Dutch recycling developer blends immiscible plastics for re-use

Mixed-plastics recycling developer Plastinum Polymer Technologies has opened a production line in the Netherlands with a capacity of 10,000 tonnes a year.

Plastinum claimed that, whereas many other recycling processes require waste to be sorted as they can only handle one type of plastic, its patented Blendymer mechanical process can handle mixtures of different polymers. It combines these into a solid amalgam which Plastinum calls Infinymer and describes as "a new thermoplastic material".

The new recycling plant is in Emmen, near Plastinum's R&D base, and was established with the support of the local municipality, which plans to supply it with mixed plastic household waste.

The company said that its Infinymers have characteristics comparable to thermoplastics such as polypropylene, polyethylene and ABS polystyrene, and claimed they could be used as a pelletised replacements for virgin plastics.

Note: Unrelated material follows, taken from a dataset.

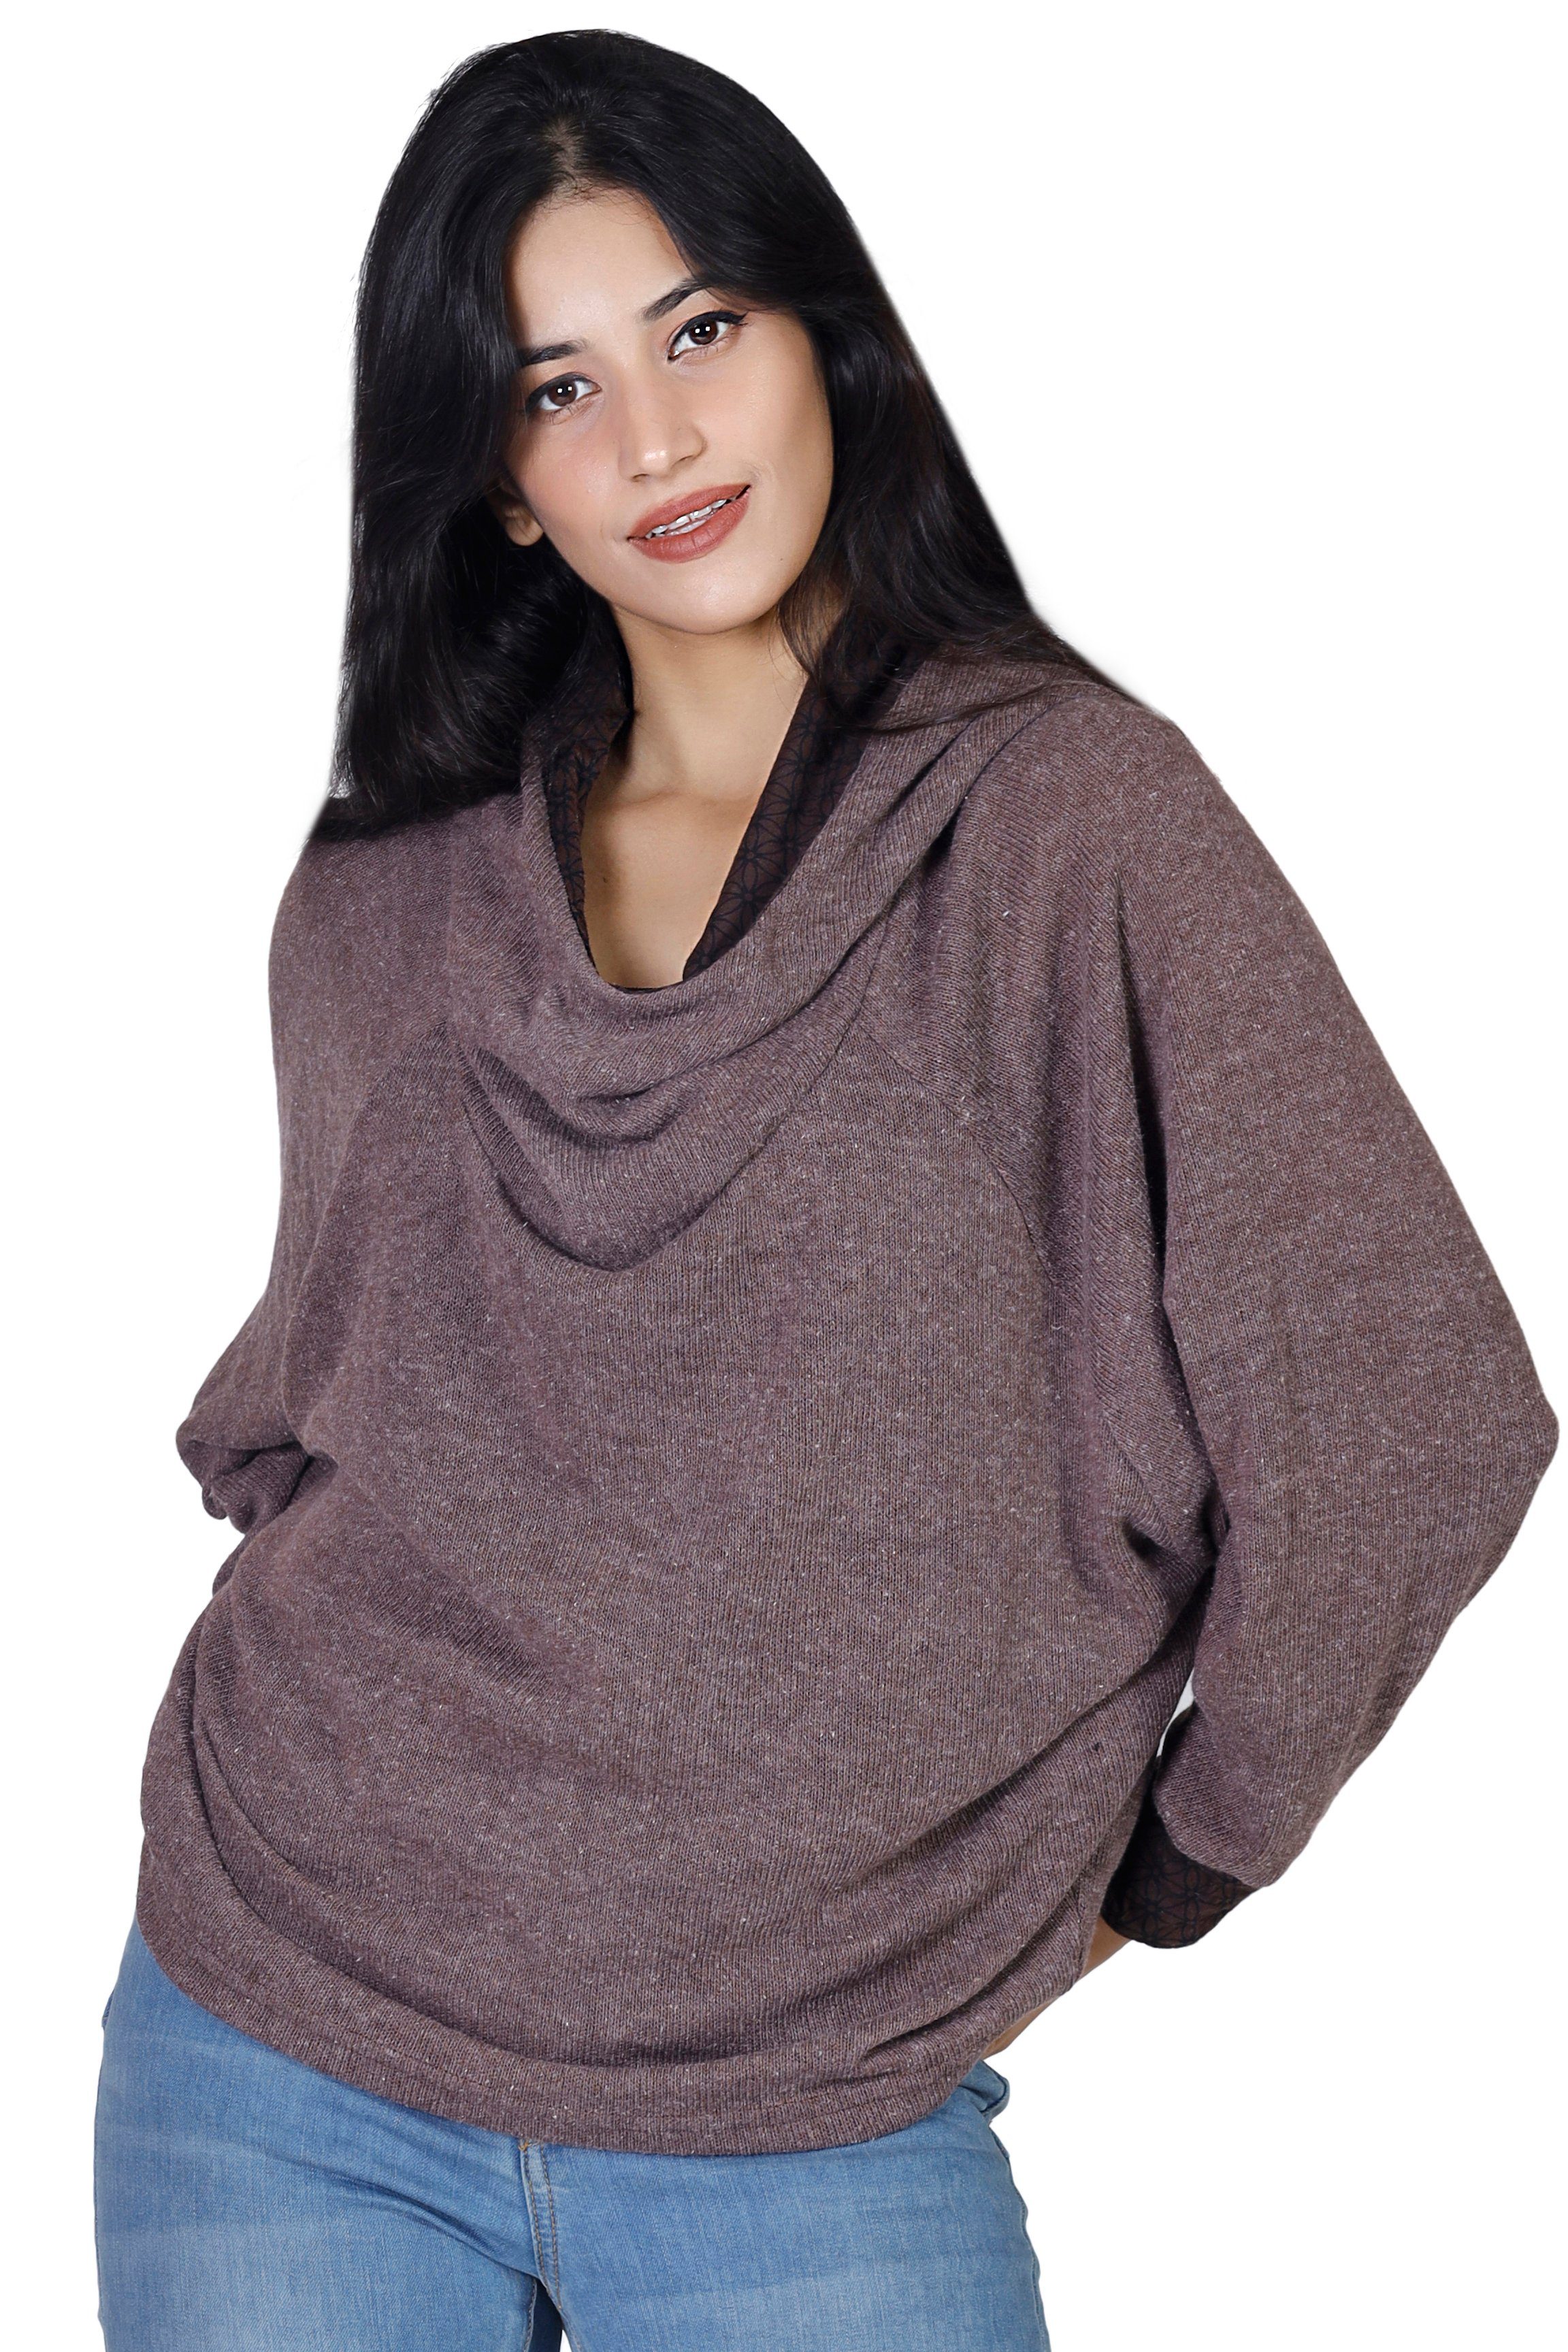 -.. alternative Bekleidung Longsleeve Sweatshirt, Guru-Shop Kapuzenpullover braun Hoody, Pullover,

It added that "Unlike existing recycled mixed-plastic products, Infinymers have good physical and chemical properties, are injection mould ready, and can often be processed at lower temperatures ."

Plastinum is not the only one able to recycle mixed polymers into composite materials, however. Rutgers University in New Jersey has also developed technology to blend normally immiscible polymers into "recycled structural composites".

Rutgers' technology has been licensed by US-based Axion International, which has won a contract from the US Army to build railway bridges from the material. Axion has already demonstrated a recycled plastic bridge carrying a 70t tank.